*WHAT THE TASK ASKS*. Would you repeat the listing below verbatim and drop the images?

**** PROVIDED MATERIAL

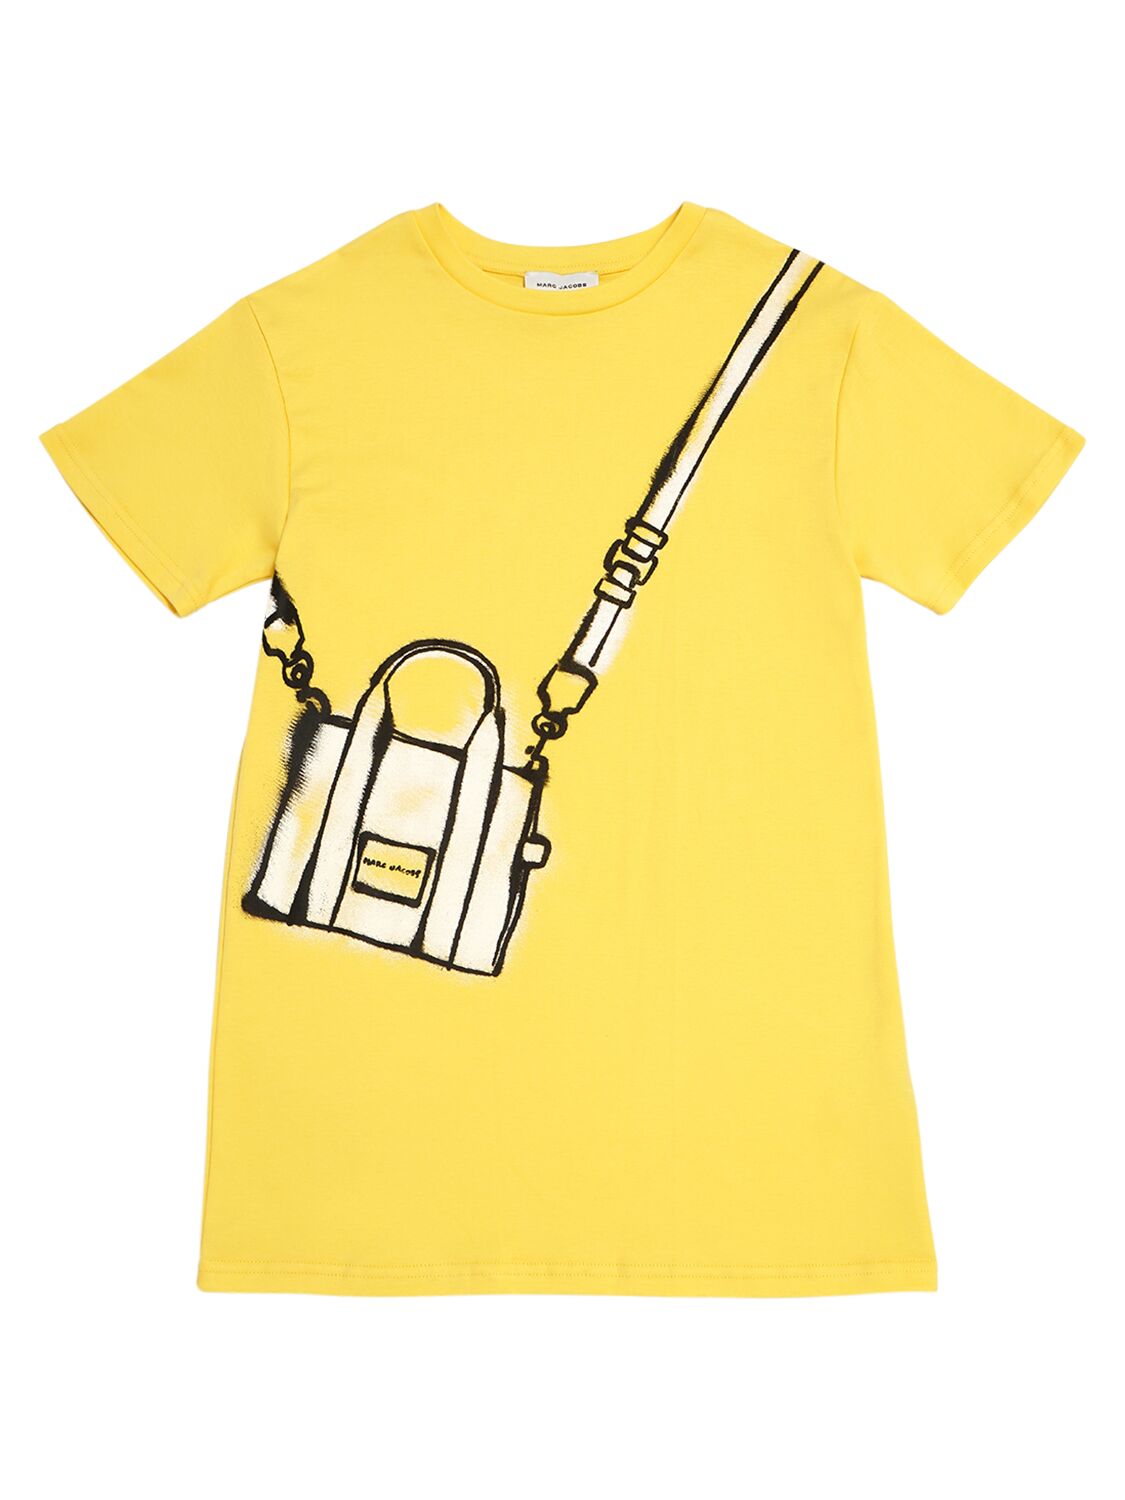 Shop Marc Jacobs Cotton Jersey Interlock Dress In Yellow
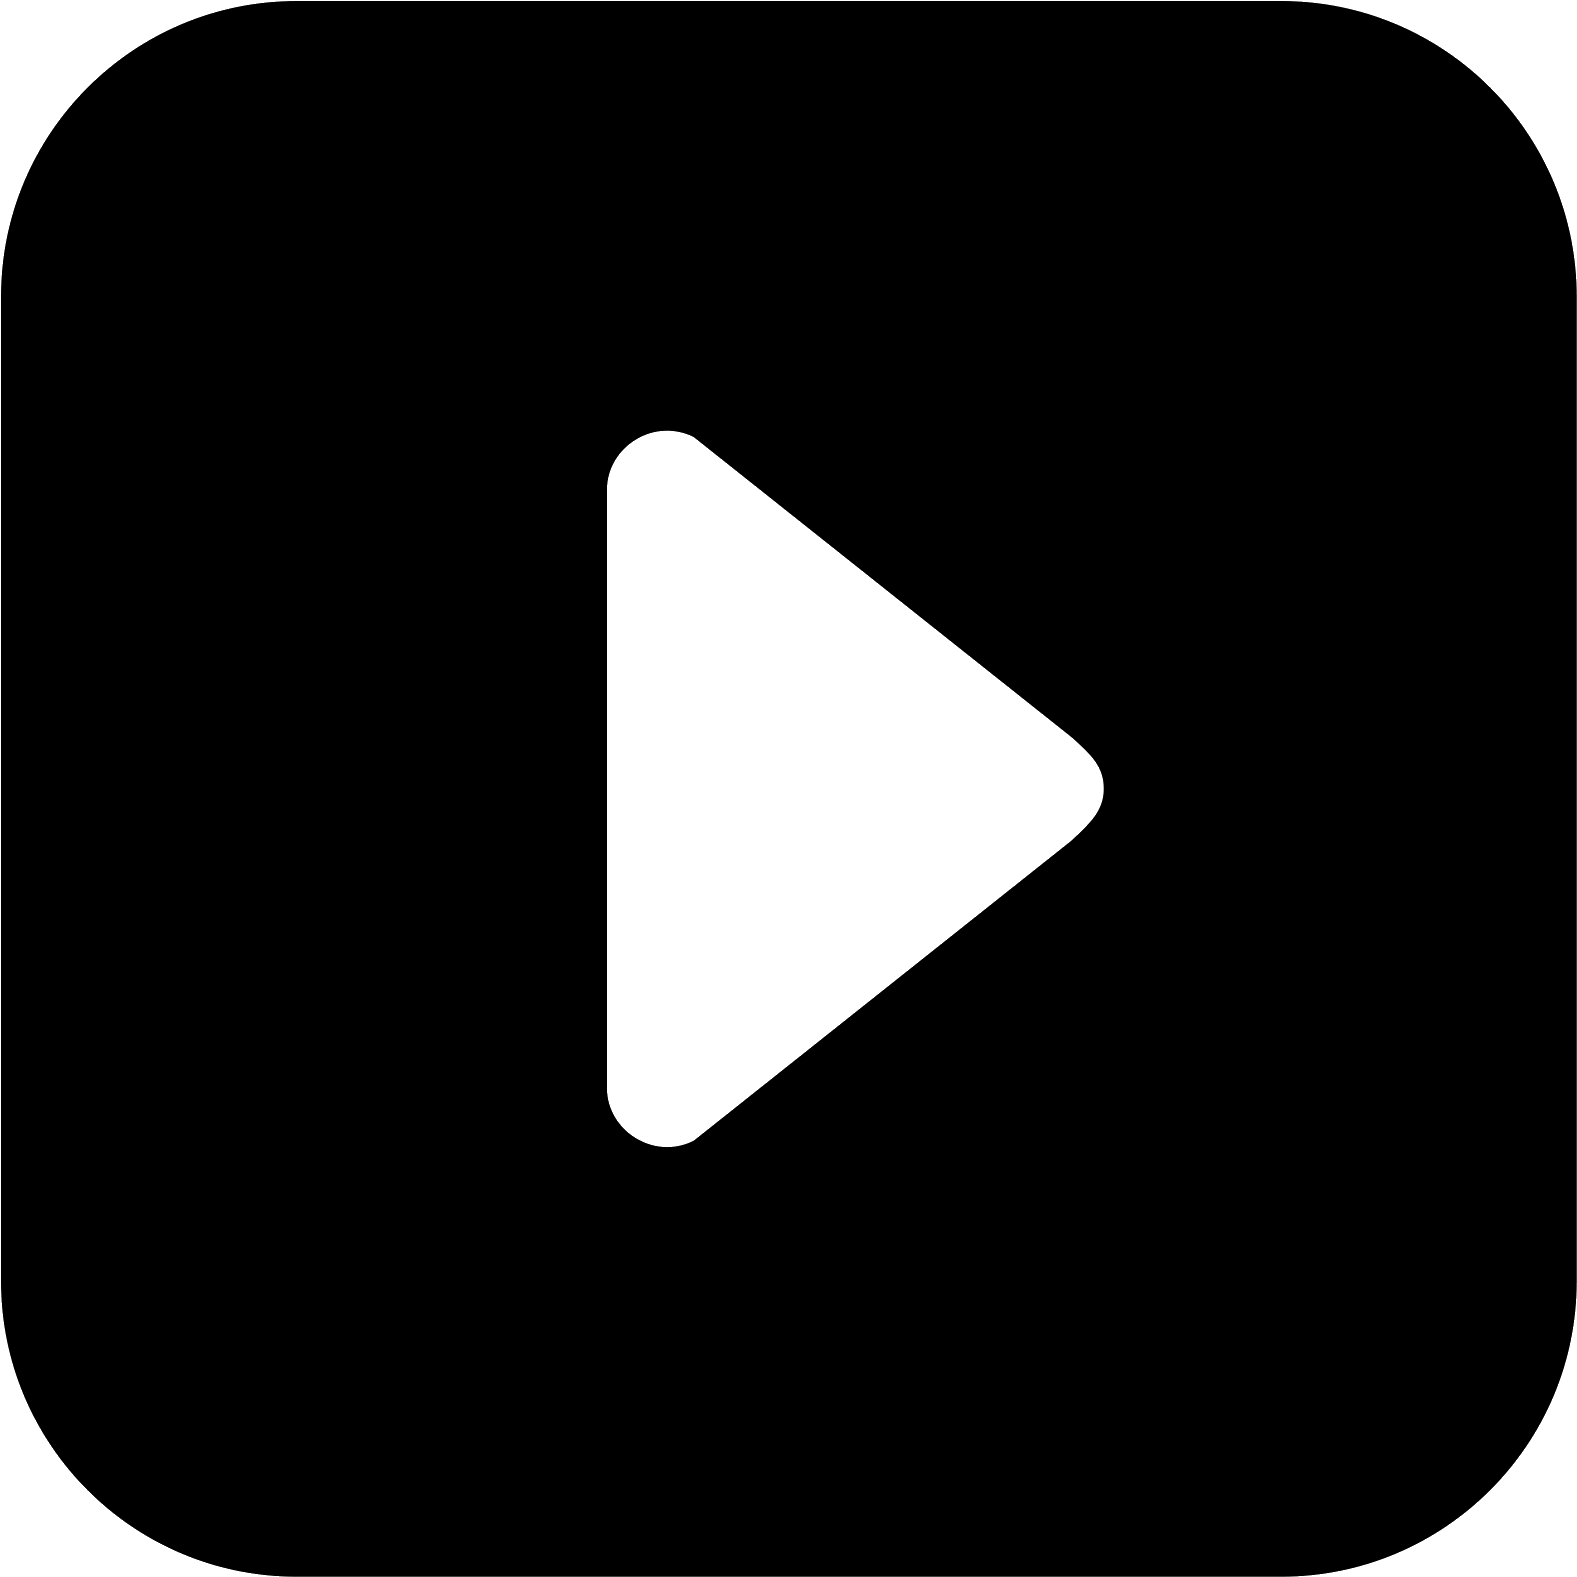 Next Icon - Youtube Logo Black And White Png (1600x1600)
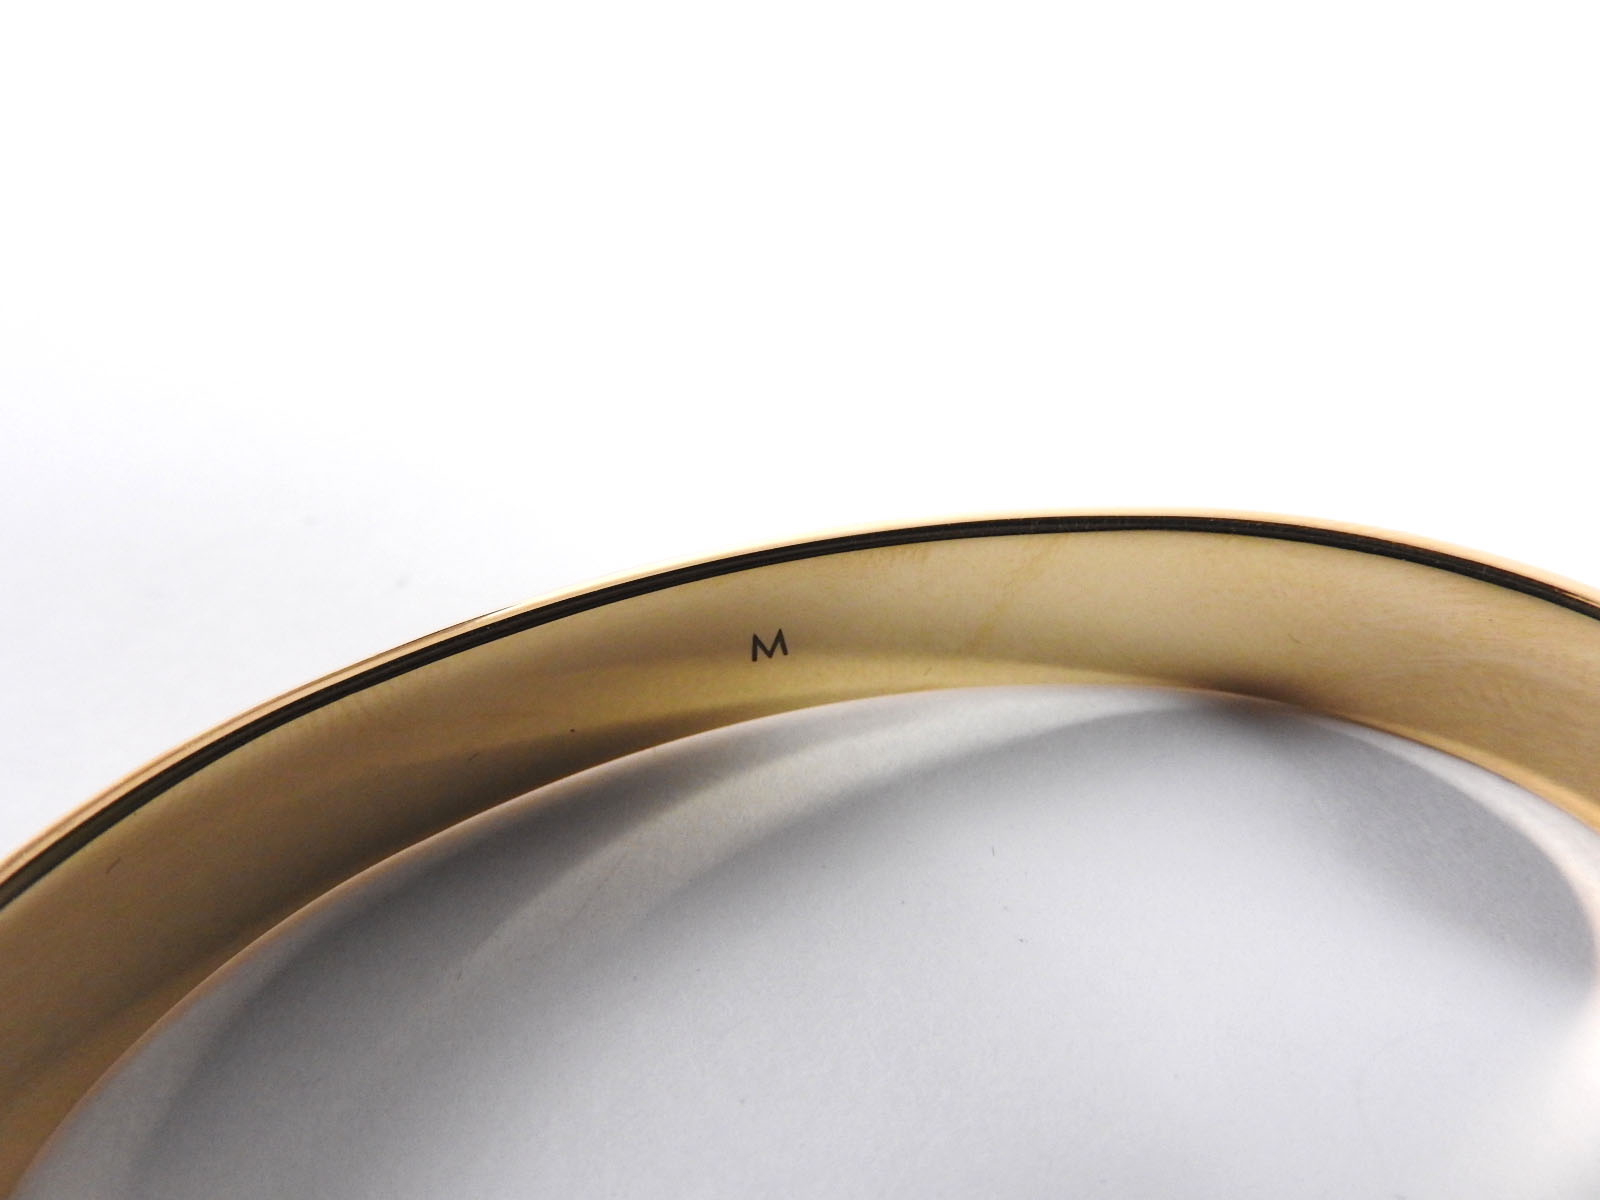 LOUIS VUITTON Cuff Nanogram LV Monogram Bangle Bracelet Gold Plated M00252 A5465 | eBay
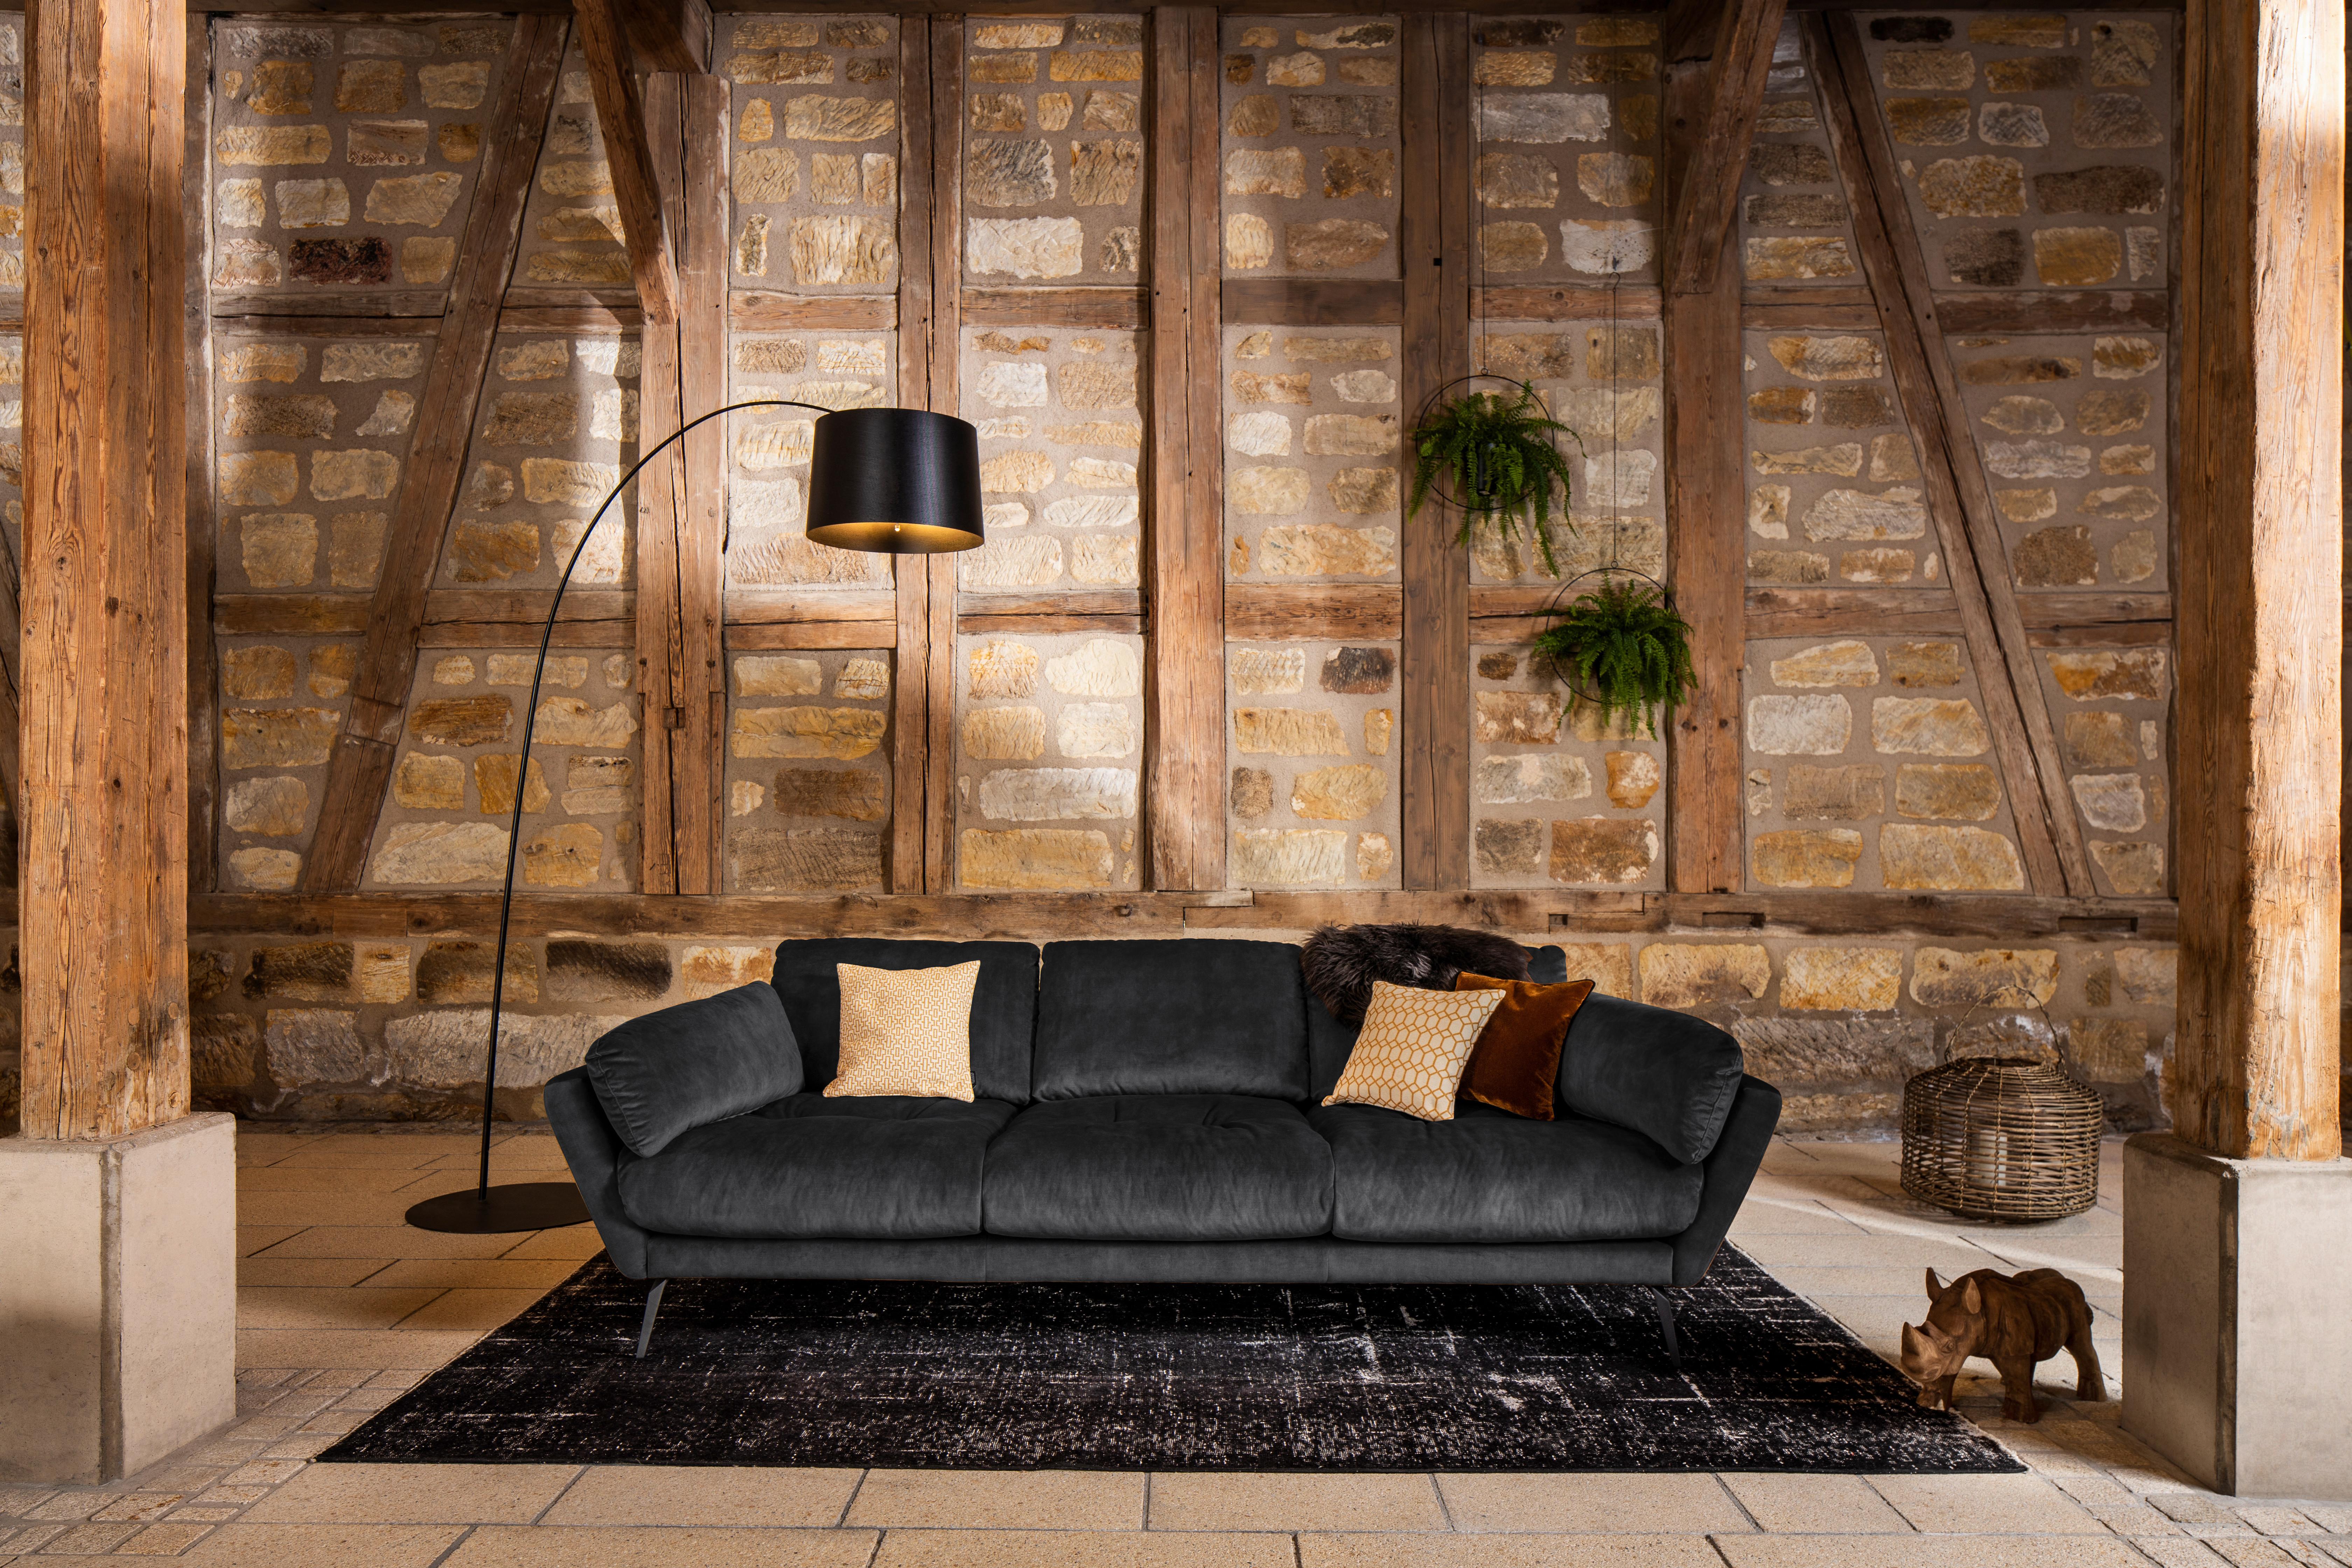 Big Sofa Softy mit Kissen B: 254 cm Dunkelgrau Velours - Dunkelgrau/Schwarz, MODERN, Textil (254/79/113cm) - W.Schillig

********

*RESULT FOR THIS EXERCISE*.
 Shop Marc Jacobs Cotton Jersey Interlock Dress In Yellow
 Next Icon - Youtube Logo Black And White Png (1600x1600)
 LOUIS VUITTON Cuff Nanogram LV Monogram Bangle Bracelet Gold Plated M00252 A5465 | eBay
 Big Sofa Softy mit Kissen B: 254 cm Dunkelgrau Velours - Dunkelgrau/Schwarz, MODERN, Textil (254/79/113cm) - W.Schillig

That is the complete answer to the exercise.